▶ [What the task asks]
Return all the data below as it stands, minus the pictures.

▶ [Dataset extract]

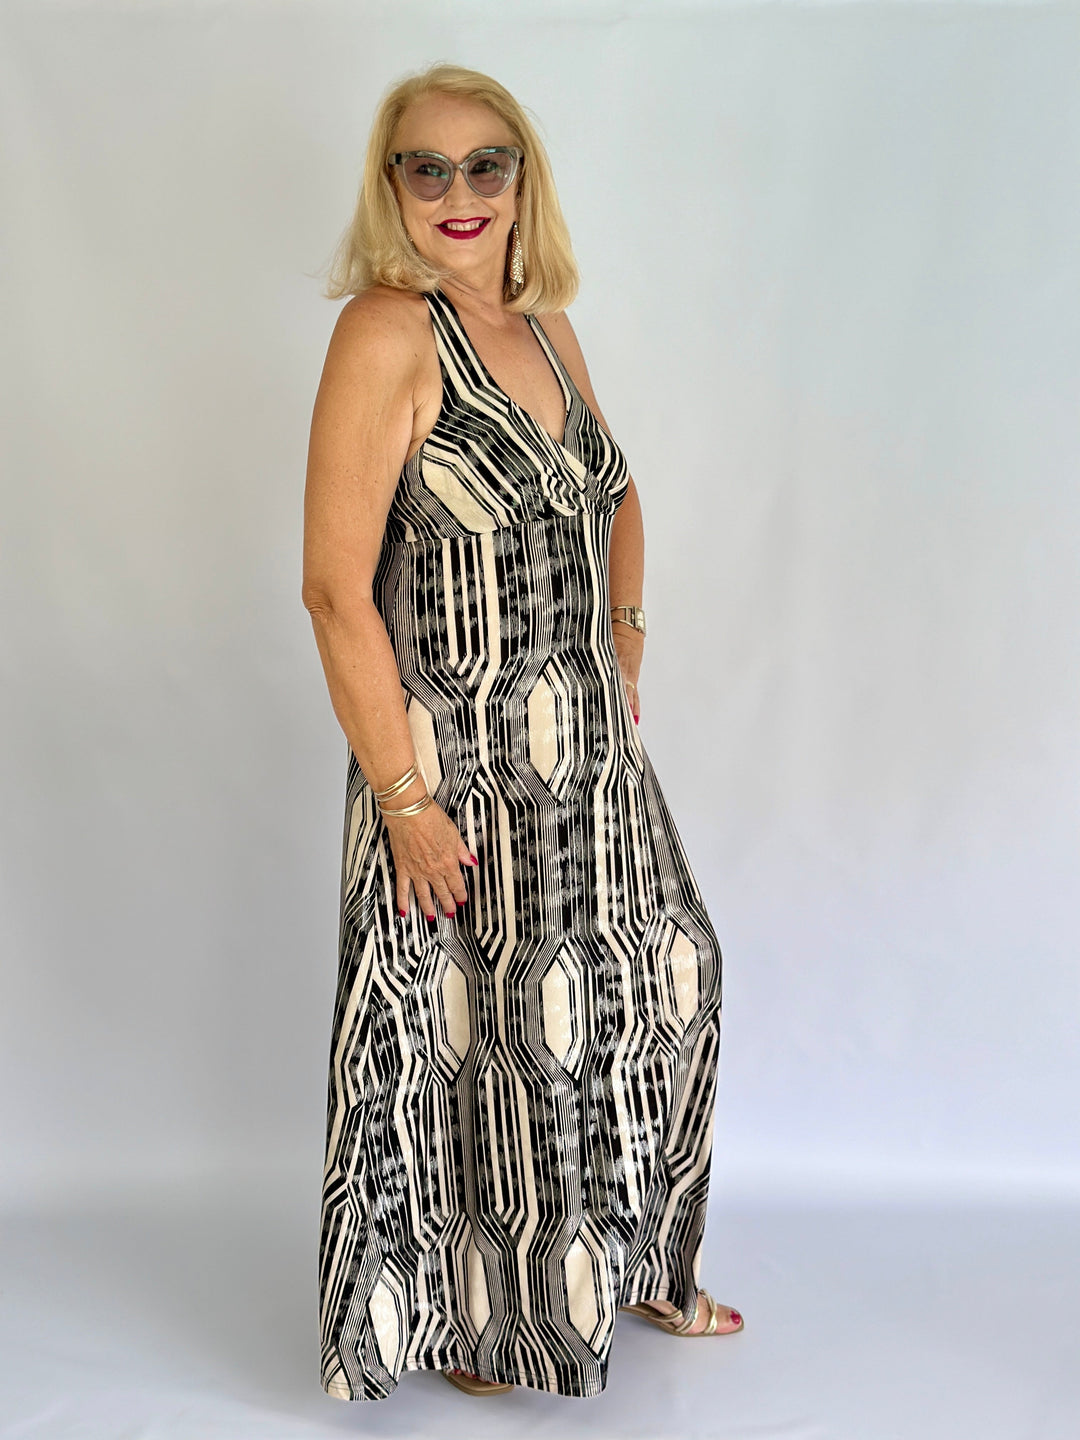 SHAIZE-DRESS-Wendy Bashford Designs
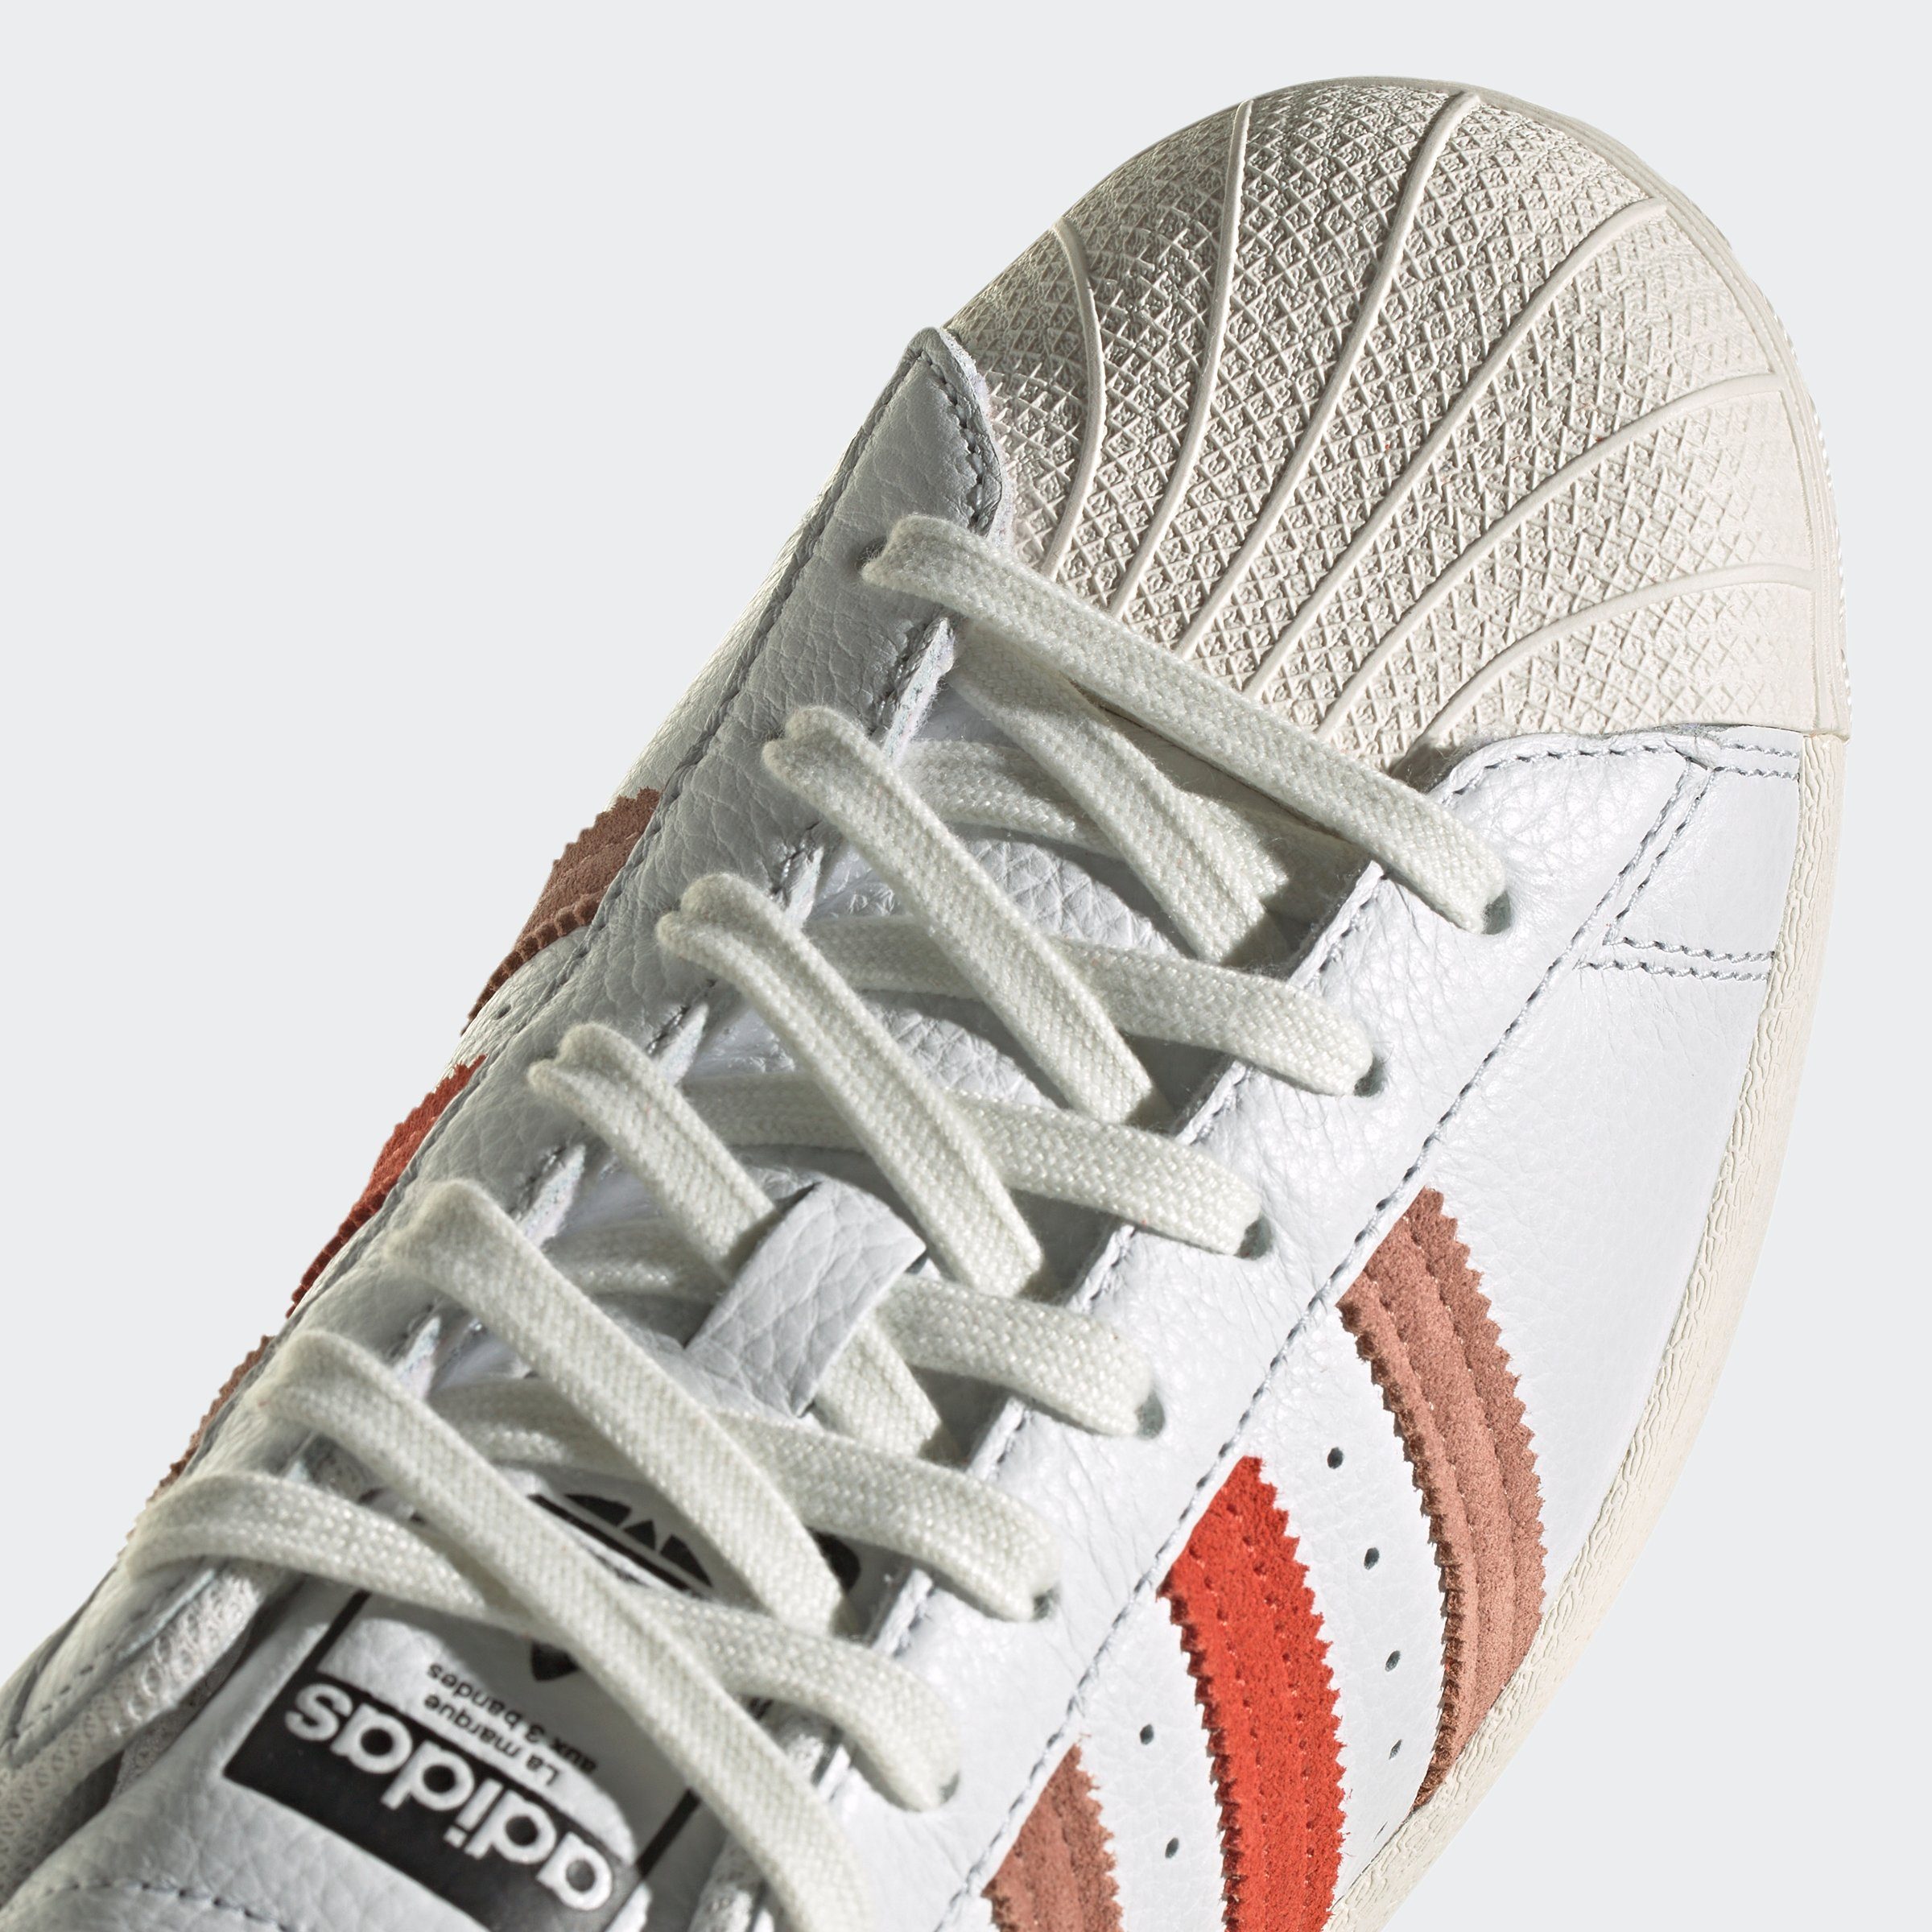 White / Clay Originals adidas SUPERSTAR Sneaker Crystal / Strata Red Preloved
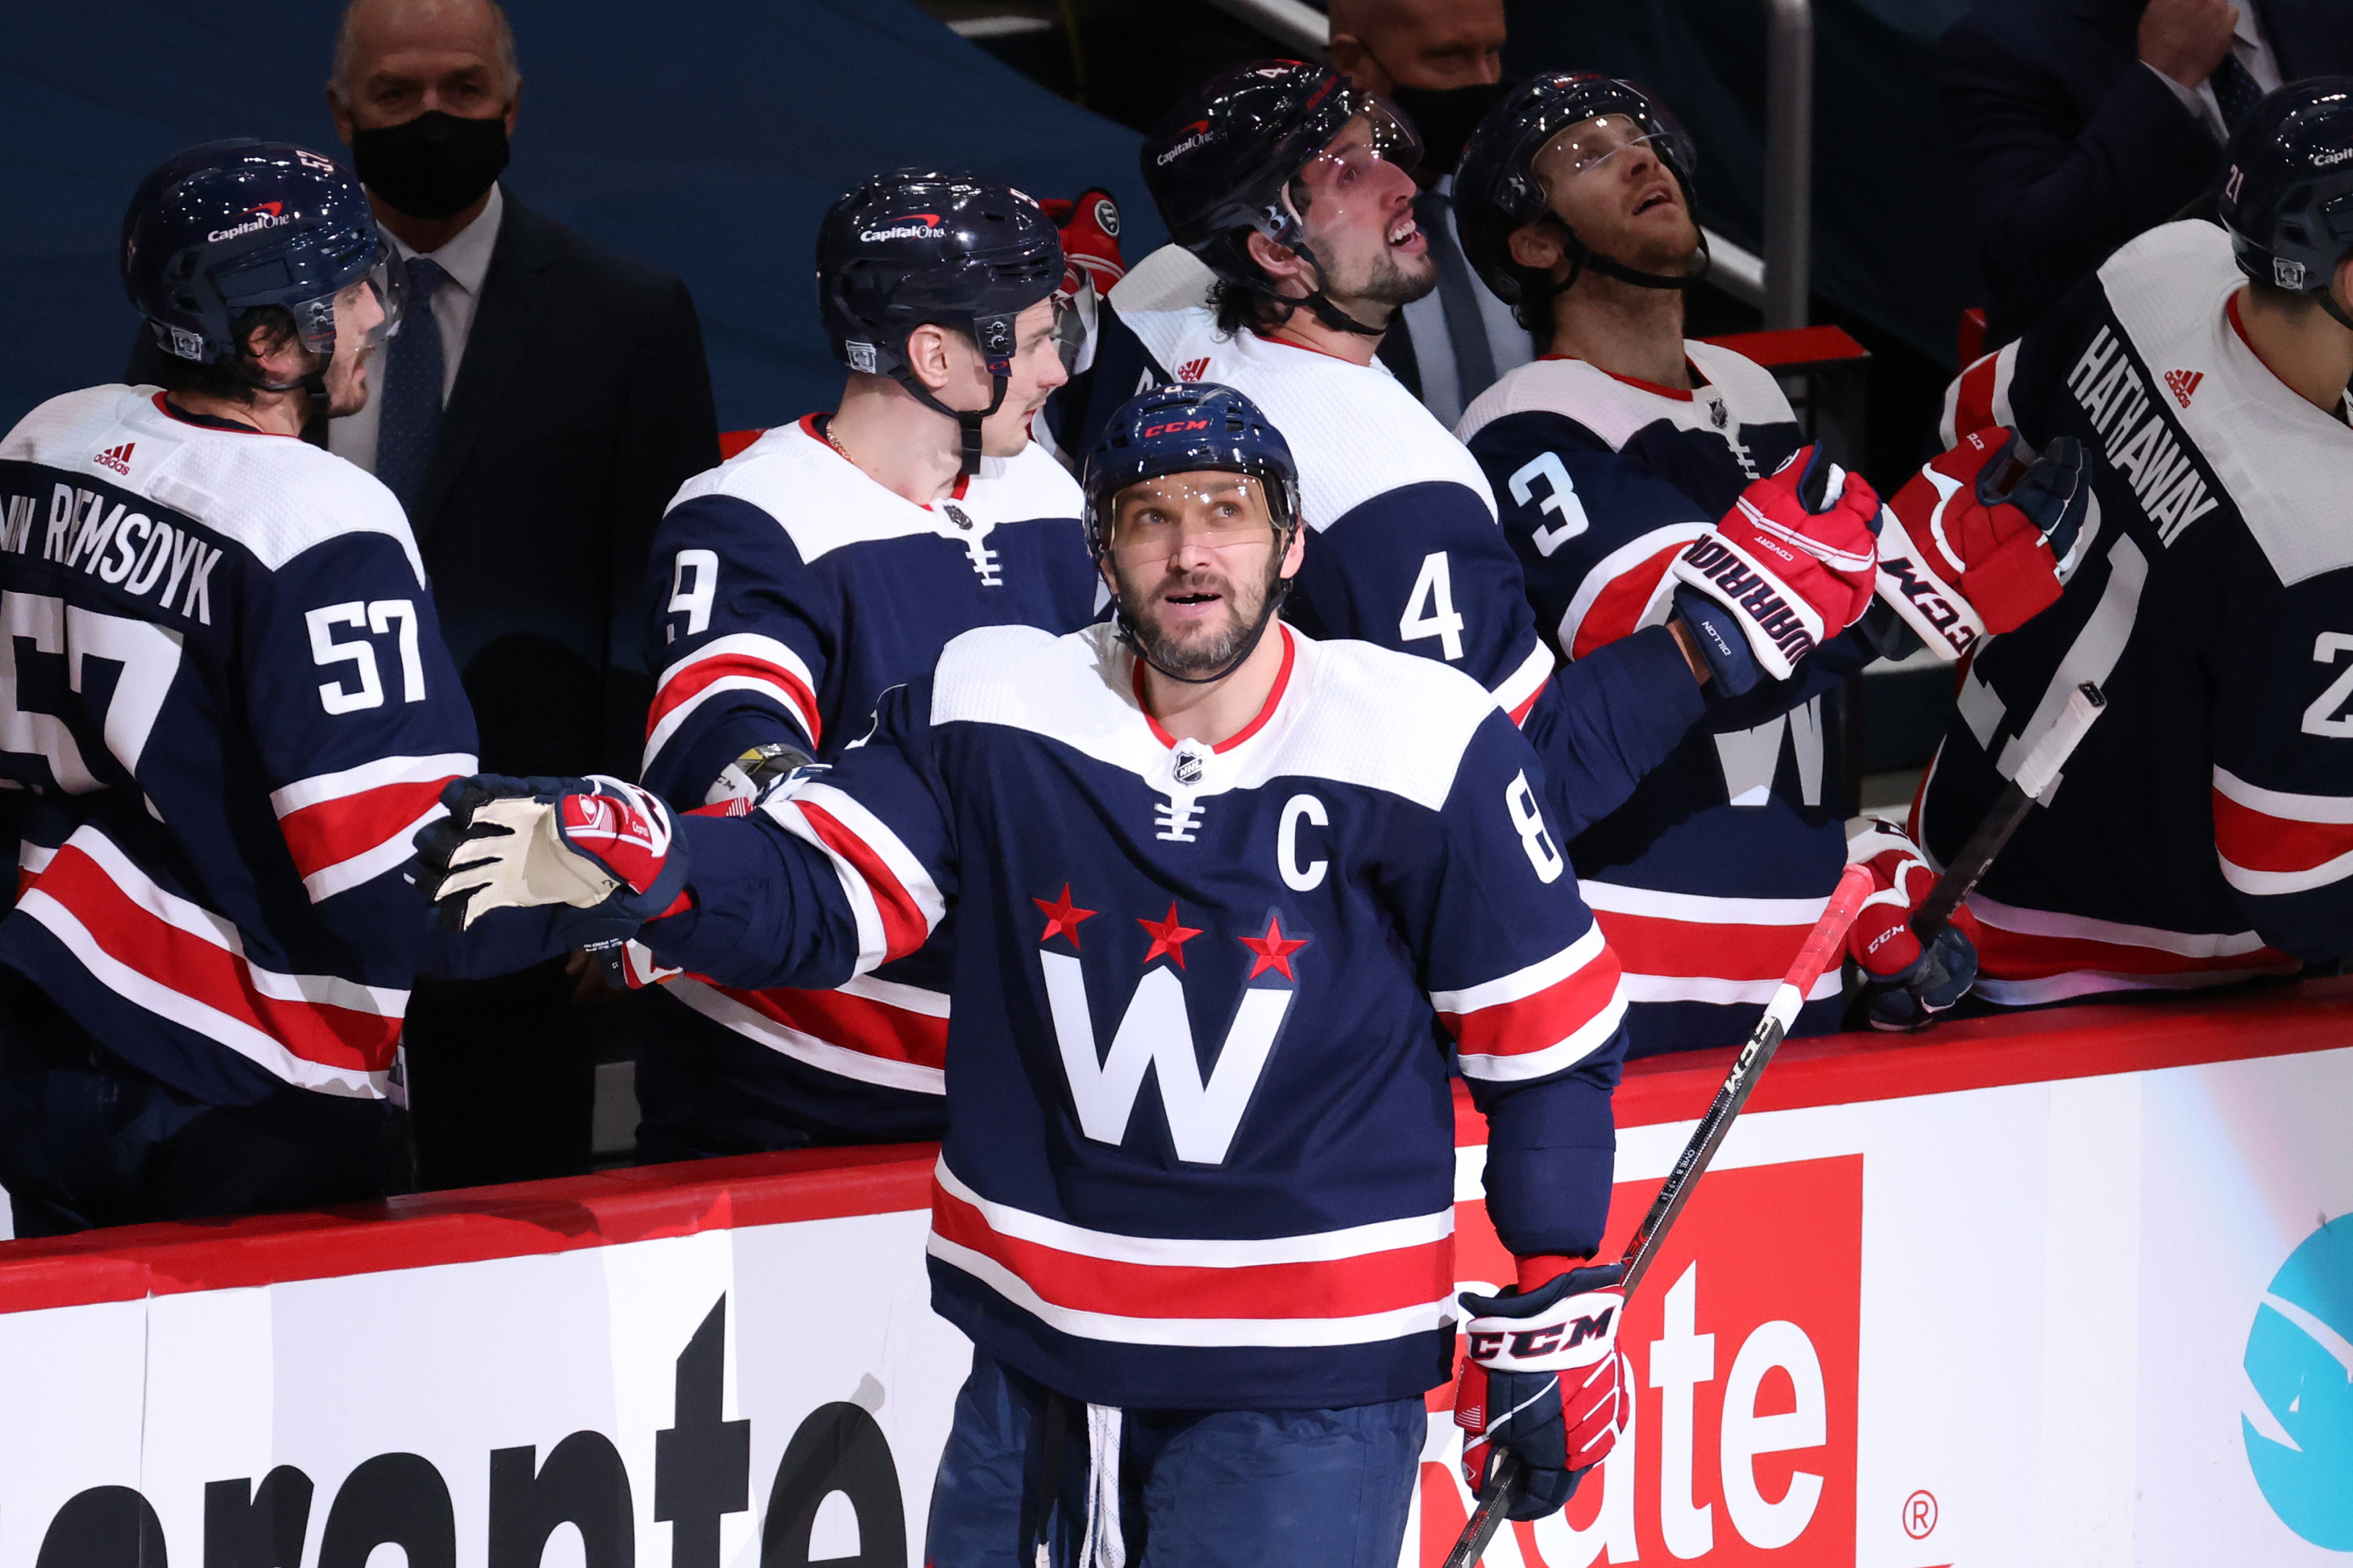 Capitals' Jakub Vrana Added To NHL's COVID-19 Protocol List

▶ [Reply]
 SHAIZE-DRESS-Wendy Bashford Designs
 White / Clay Originals adidas SUPERSTAR Sneaker Crystal / Strata Red Preloved
 Capitals' Jakub Vrana Added To NHL's COVID-19 Protocol List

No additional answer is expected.